No pictures belong in the copy. Retype exactly, and only, the stretch of lines below from the one with "Old Fashioned Kitchen Old" through the one with "Spray 5724 Alta".

◆ PROVIDED DATA ◆

####

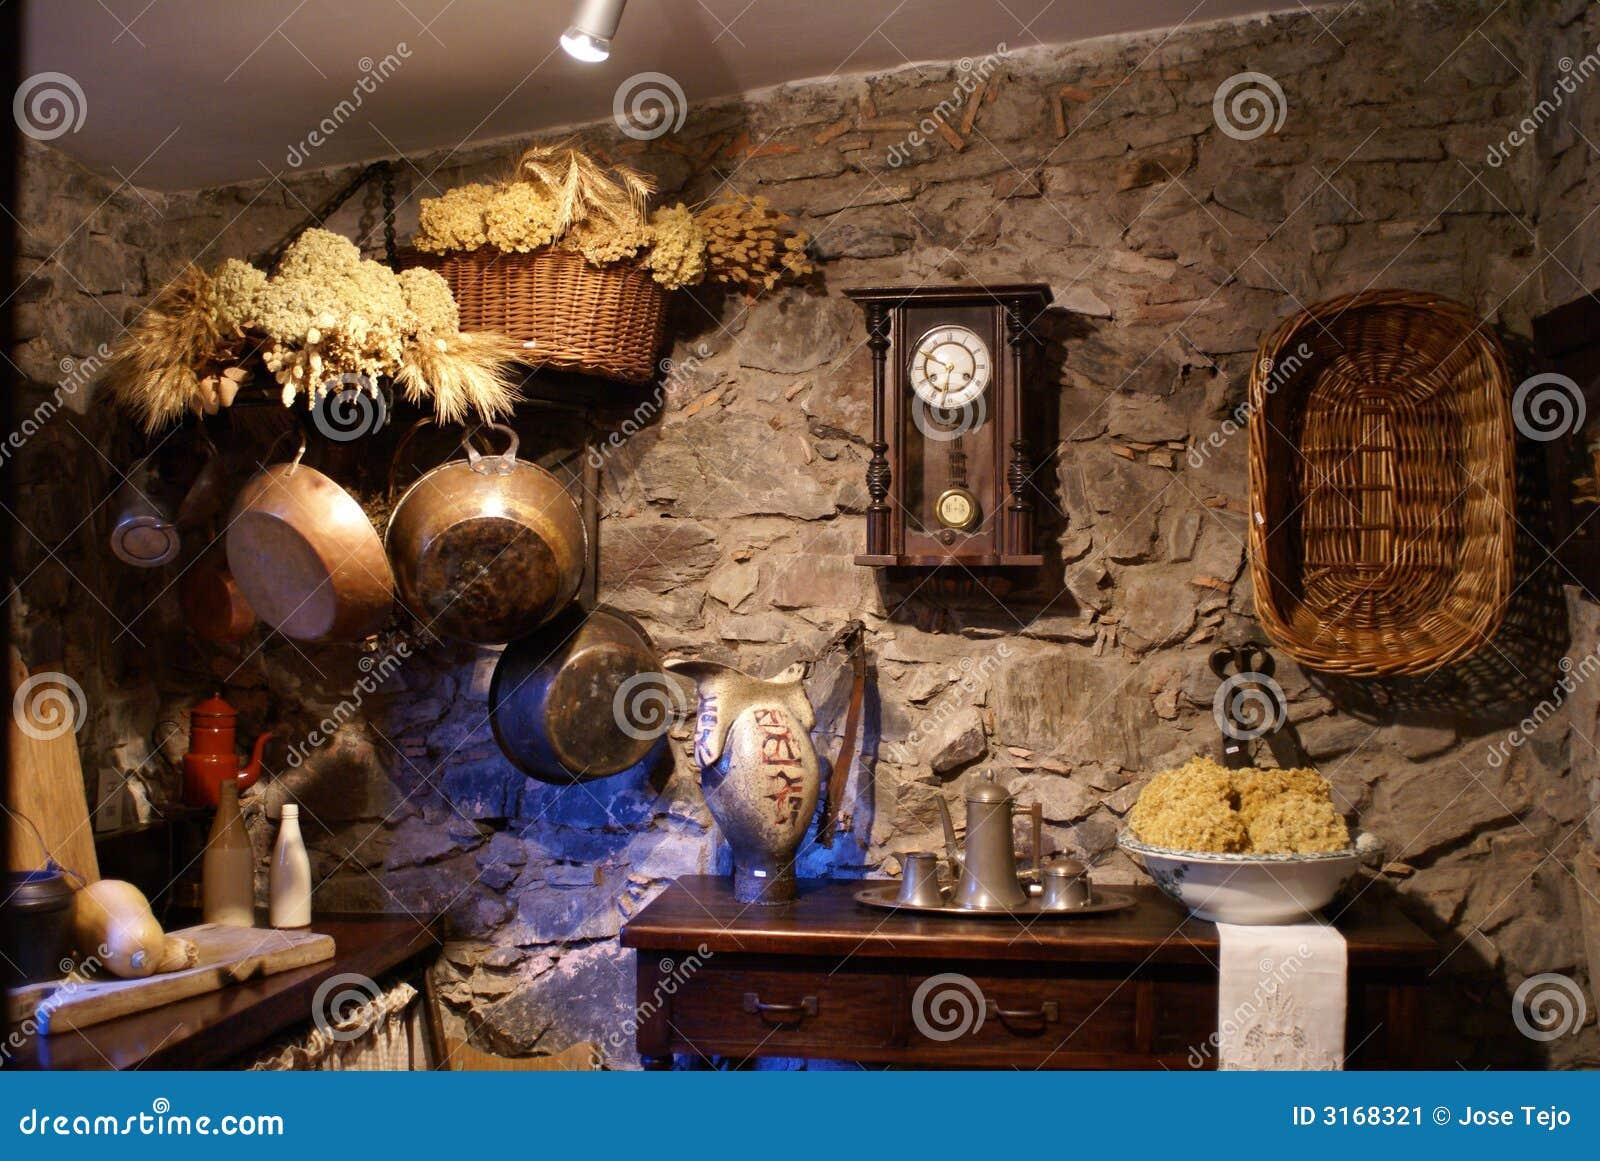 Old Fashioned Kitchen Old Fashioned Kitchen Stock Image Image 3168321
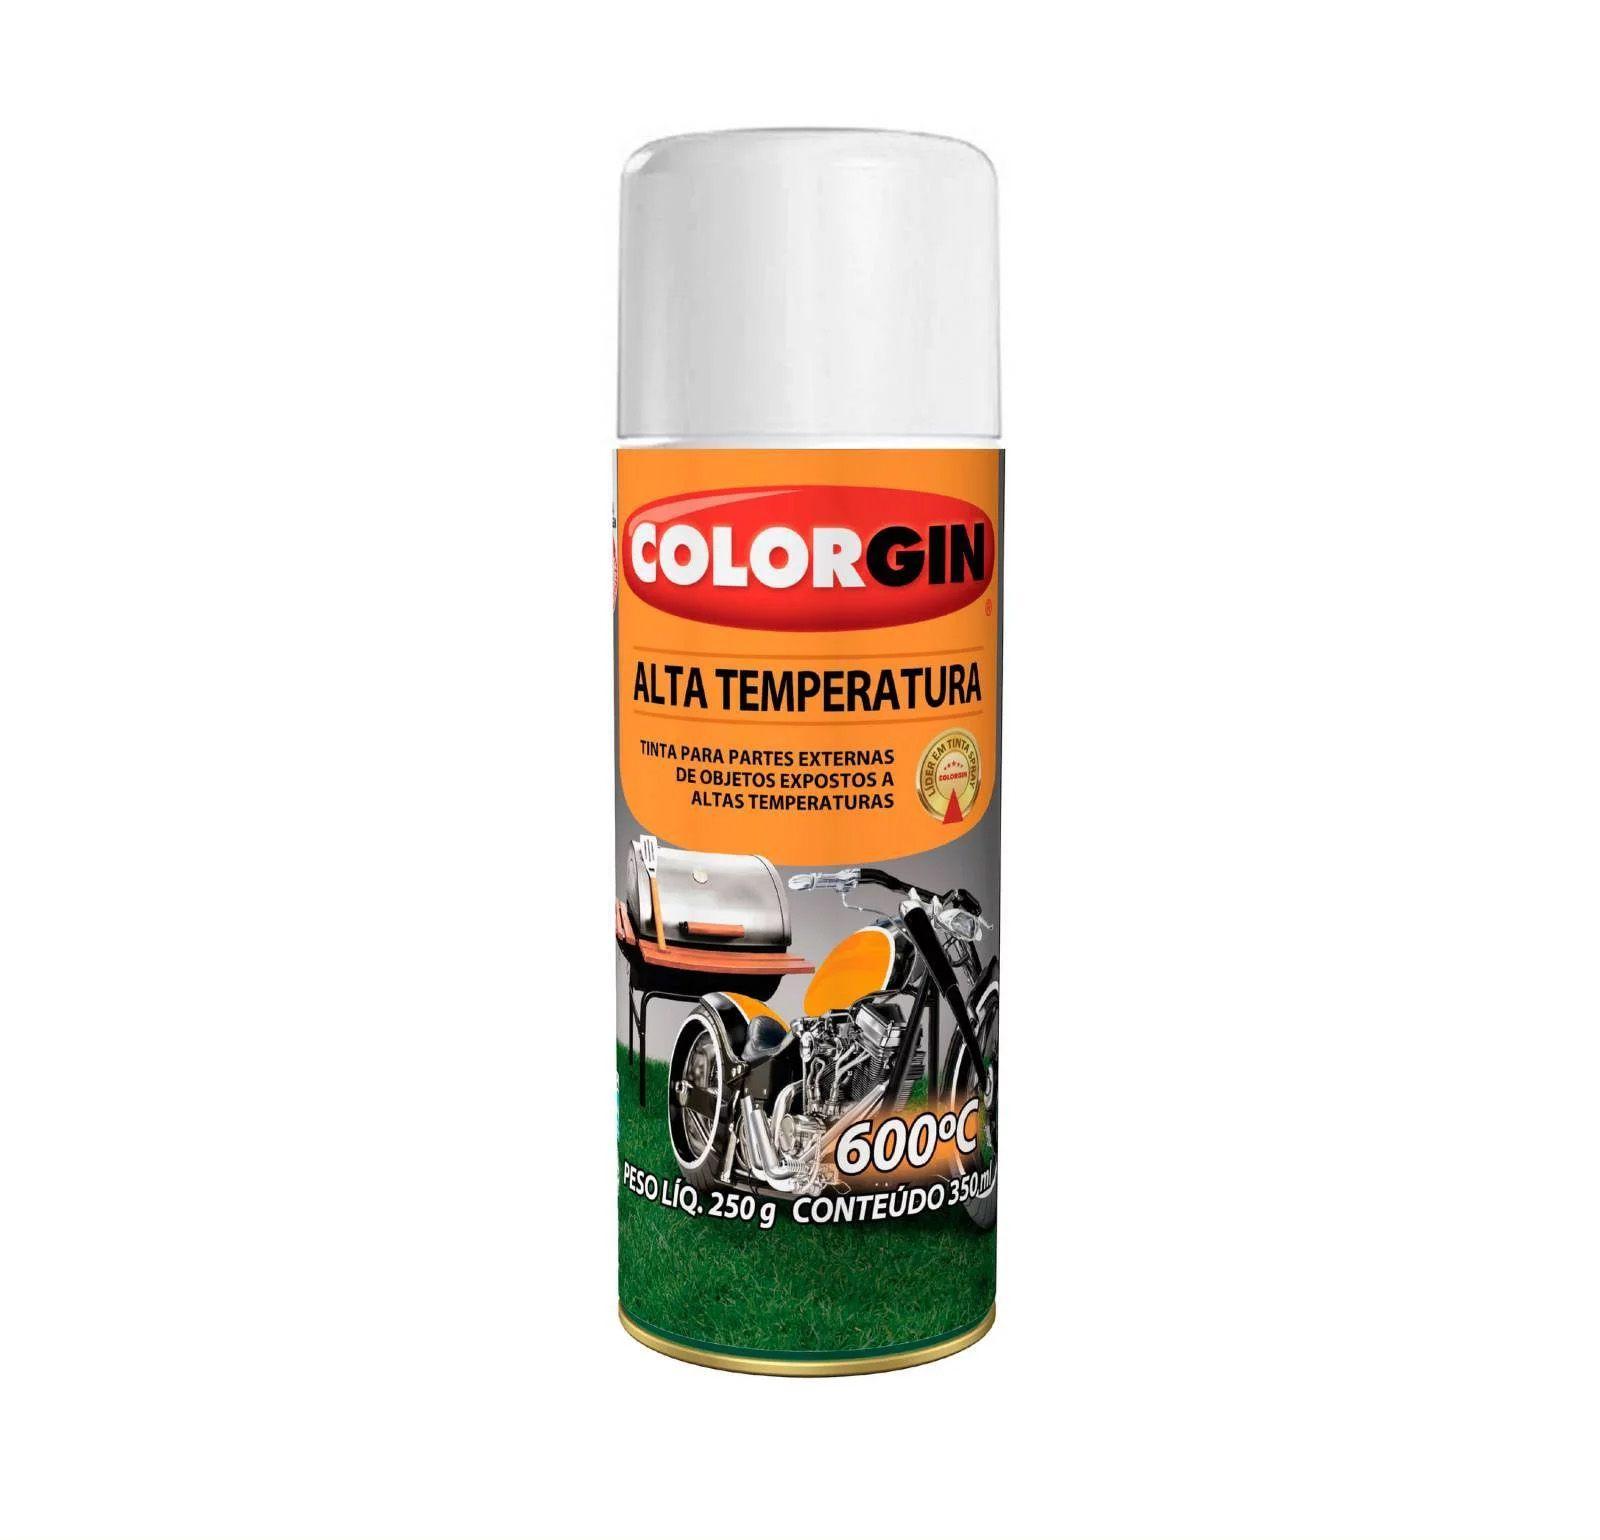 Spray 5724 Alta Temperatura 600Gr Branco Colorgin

####

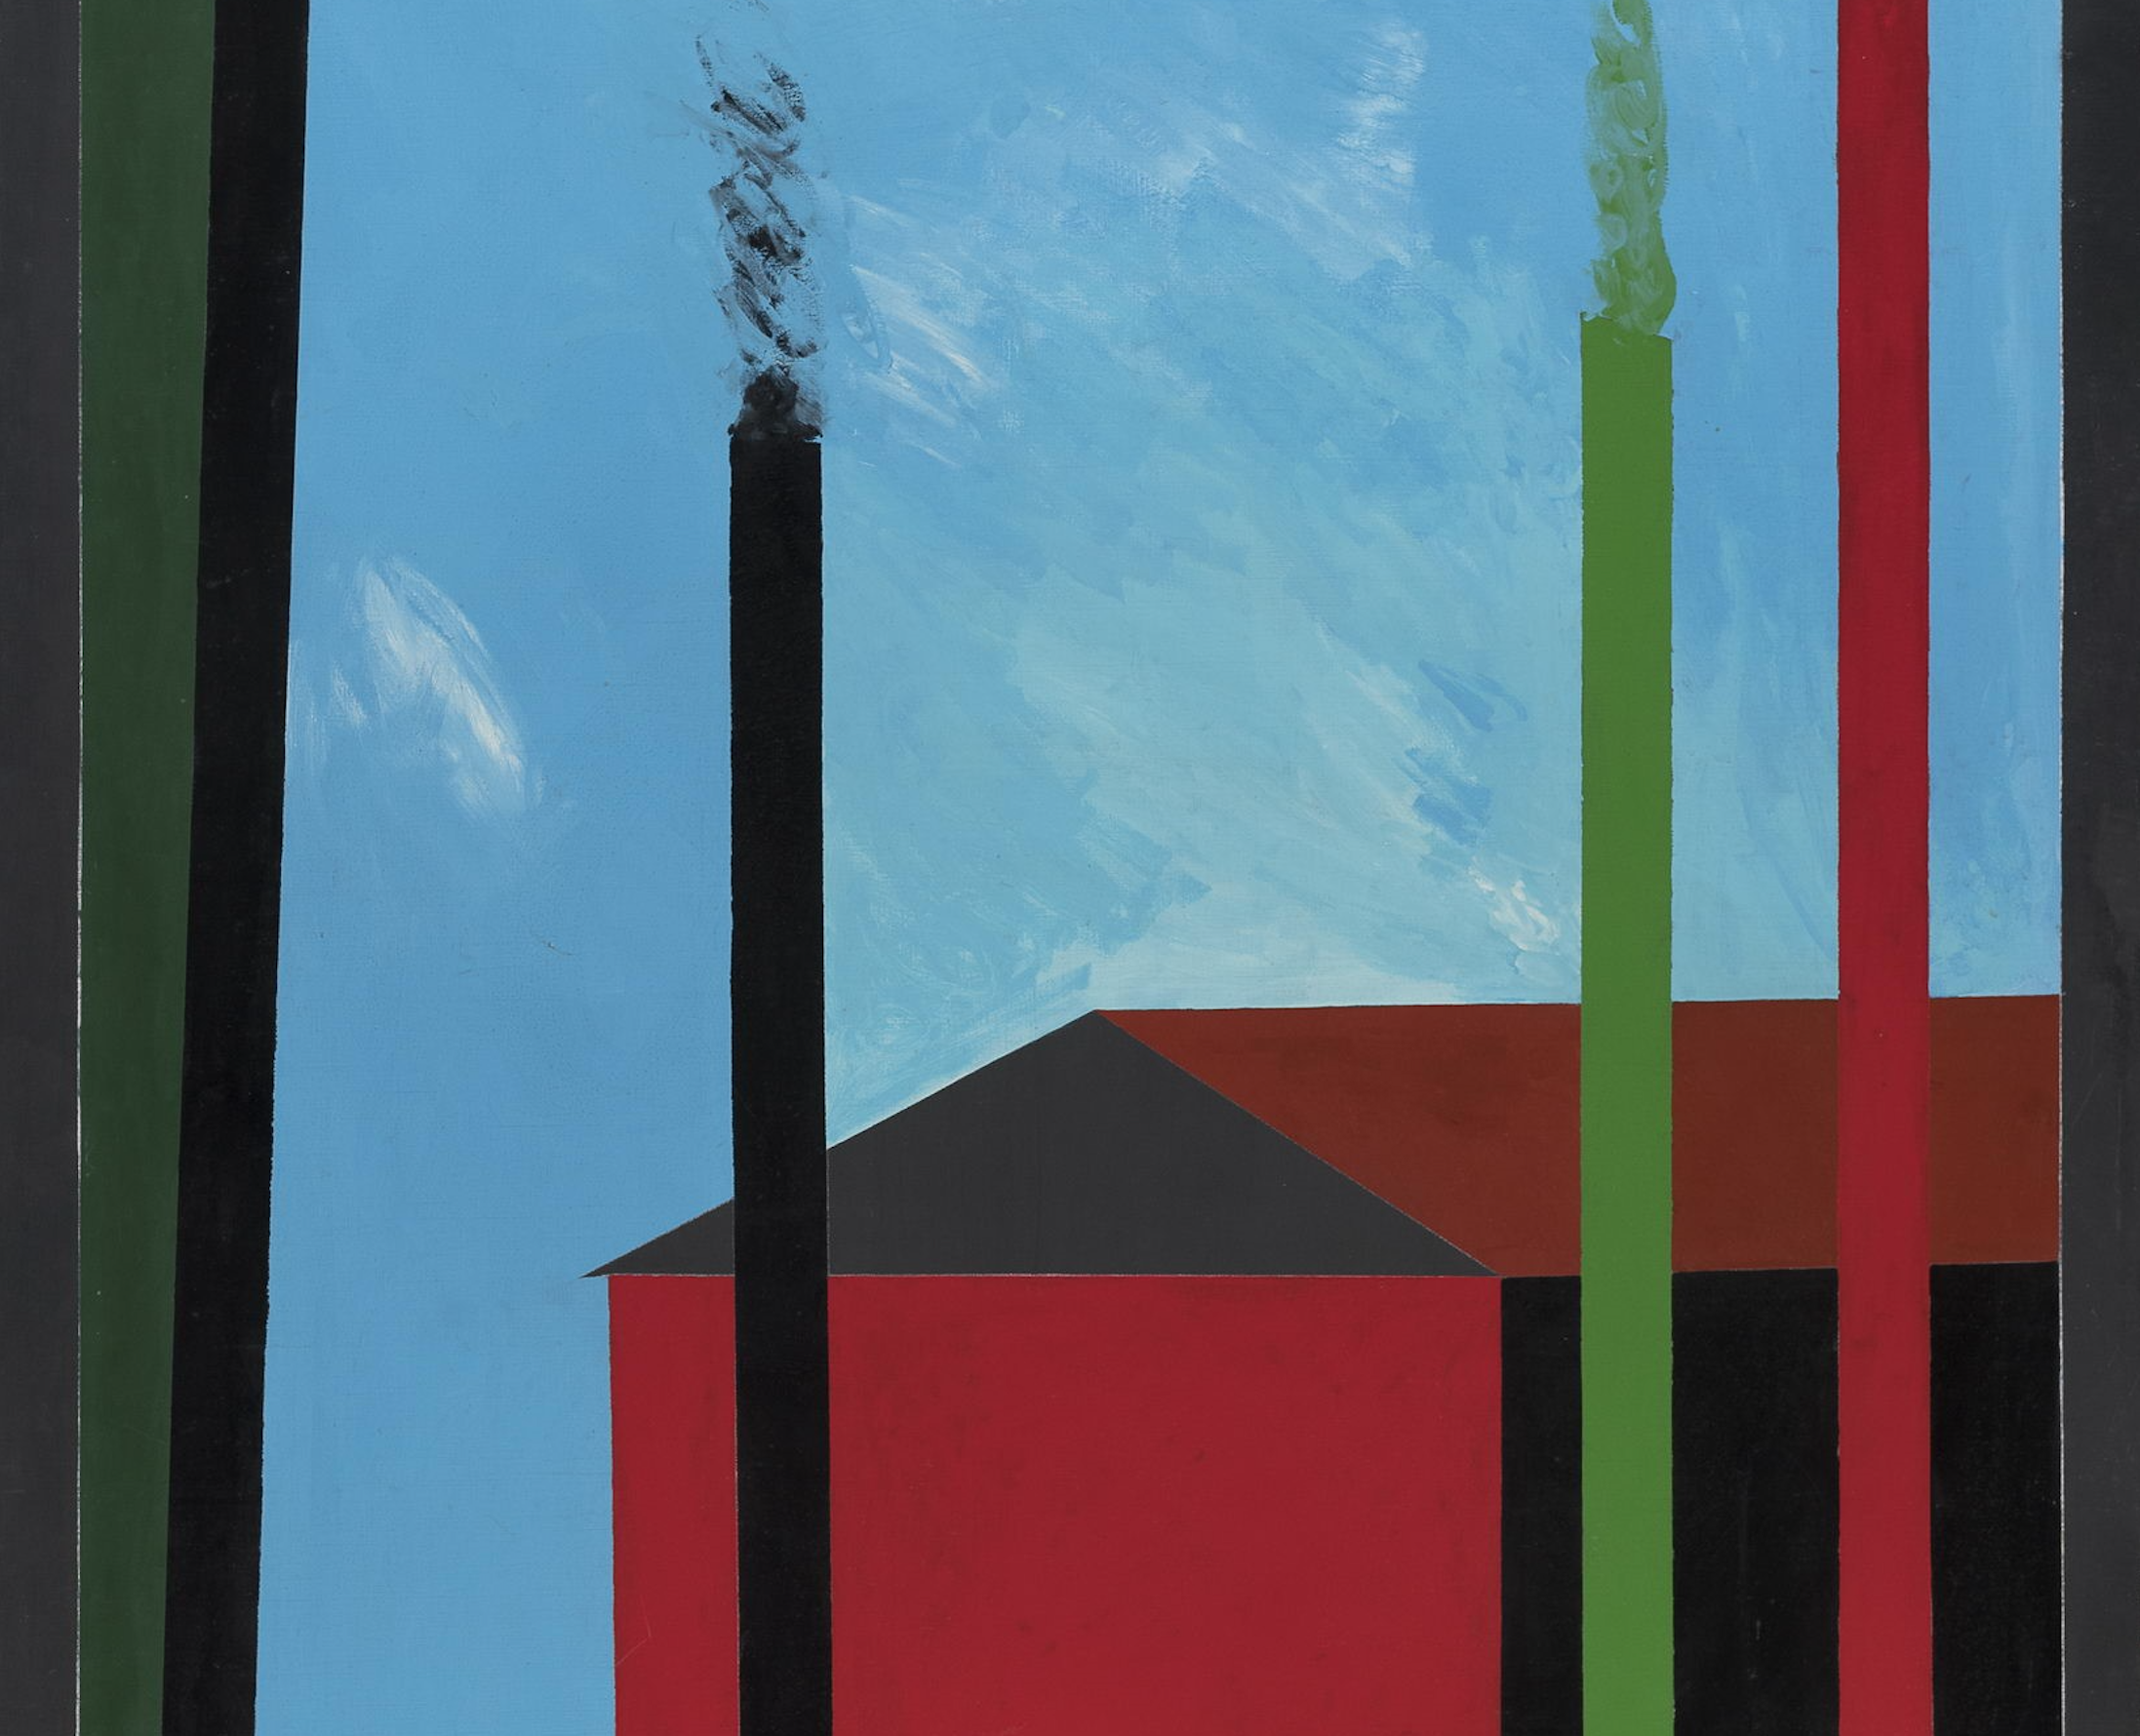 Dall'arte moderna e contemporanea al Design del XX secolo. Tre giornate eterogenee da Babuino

####

◆ ANSWER TO THE PROBLEM ◆
 Old Fashioned Kitchen Old Fashioned Kitchen Stock Image Image 3168321
 Spray 5724 Alta Temperatura 600Gr Branco Colorgin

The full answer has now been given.